I would like to know why this is true:
Given an $n$-dimensional stochastic vector $v$ and another $n$-dimensional stochastic vector $u$ which distributes uniformly over $\{1,\dots,n\}$ (meaning if the length of the vector $u$ is $n=3$ then $u = (1/3,1/3,1/3)$) then $\lVert u-v\rVert_2 \leq 1$.
For example, let $v = (0.8,0.2)$ and $v = (0.5,0.5)$: $\lVert u-v\rVert_2 = \lVert(0.3,-0.3)\rVert_2=\sqrt{2\cdot0.3^2}$ which is less than 1.

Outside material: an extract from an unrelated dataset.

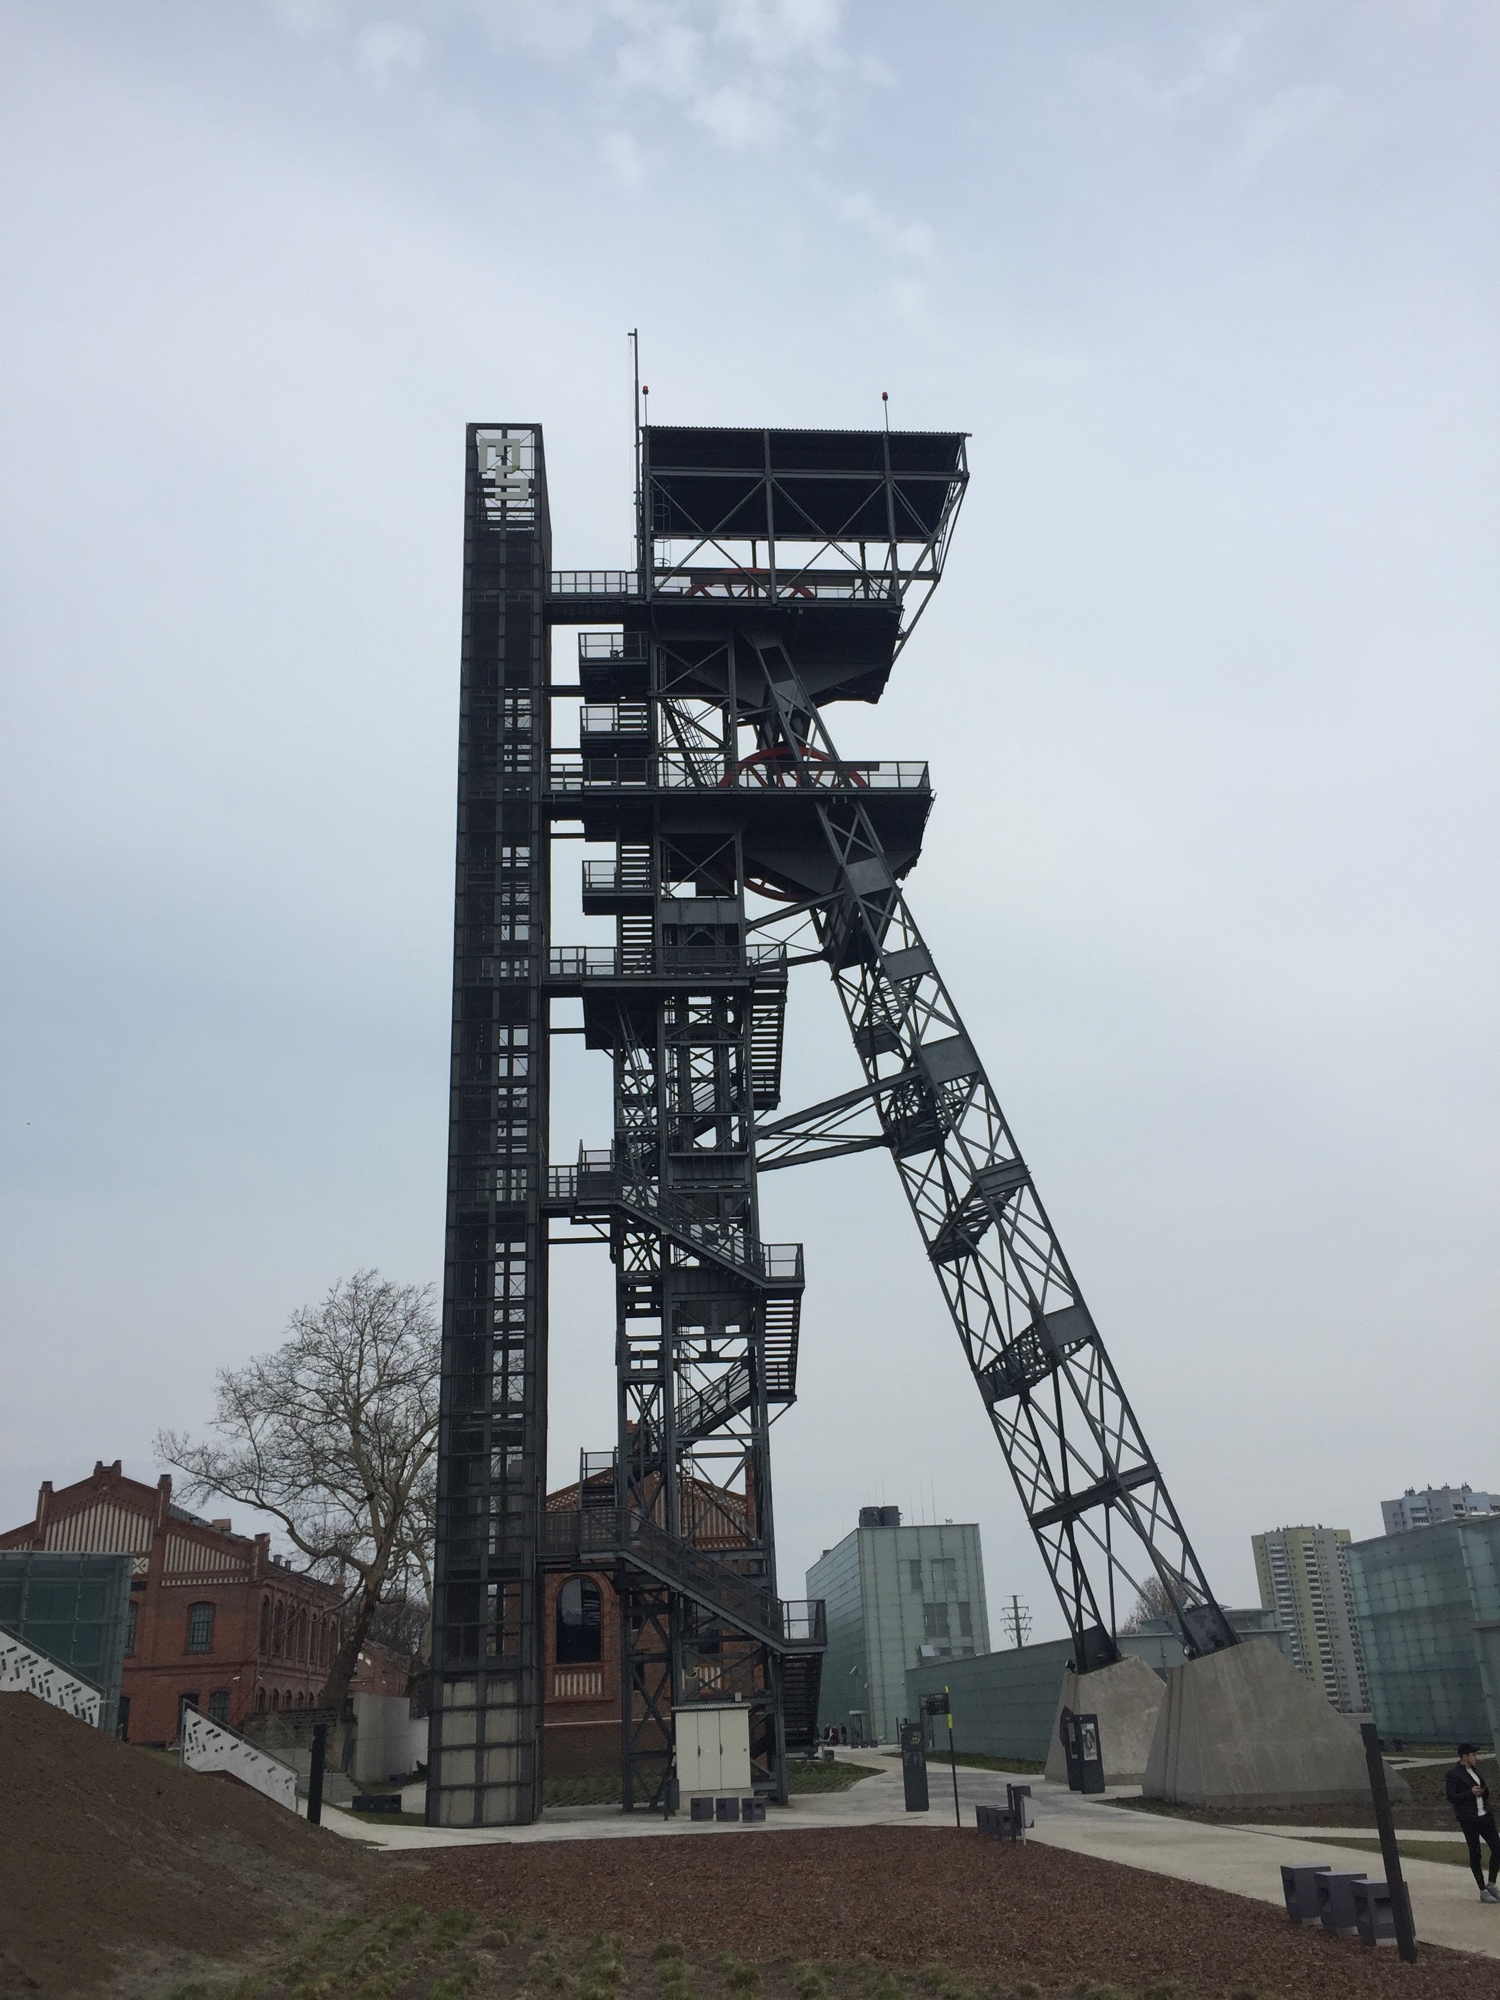 der Aussichtsturm auf dem Gelände des Muzeum Śląskie ragt als gerüstartige Konstruktion in den bewölkten Himmel

I tried many different inputs and it works for all of them but I can’t figure out why?
First, you can show it will be at most 2 by the triangle inequality, and even a bit better: for $u,v$ two $n$-dimensional vectors in the probability simplex with $u$ being uniform, $$ \lVert u-v\rVert_2 \leq \lVert u\rVert_2+ \lVert v\rVert_2 = \frac{1}{\sqrt{n}} + 1 $$
Now, for the stronger claim. Observe that $$\begin{align} \lVert u-v\rVert_2^2 &= \sum_{k=1}^n (u_k-v_k)^2 = \sum_{k=1}^n u_k^2 + \sum_{k=1}^n v_k^2 - 2\sum_{k=1}^n u_k v_k = n\cdot \frac{1}{n^2} + \lVert v\rVert_2^2 - \frac{2}{n}\sum_{k=1}^n v_k\\ &= \frac{1}{n} + \lVert v\rVert_2^2 - \frac{2}{n} = \lVert v\rVert_2^2 - \frac{1}{n} \\ &\leq 1 - \frac{1}{n} \end{align}$$ where the last inequality comes from the fact that $$\lVert v\rVert_2^2 = \sum_{k=1}^n v_k^2 \leq \sum_{k=1}^n v_k = 1$$ (more generally, $\lVert v\rVert_p \leq \lVert v\rVert_q$ if $p\geq q\geq 1$).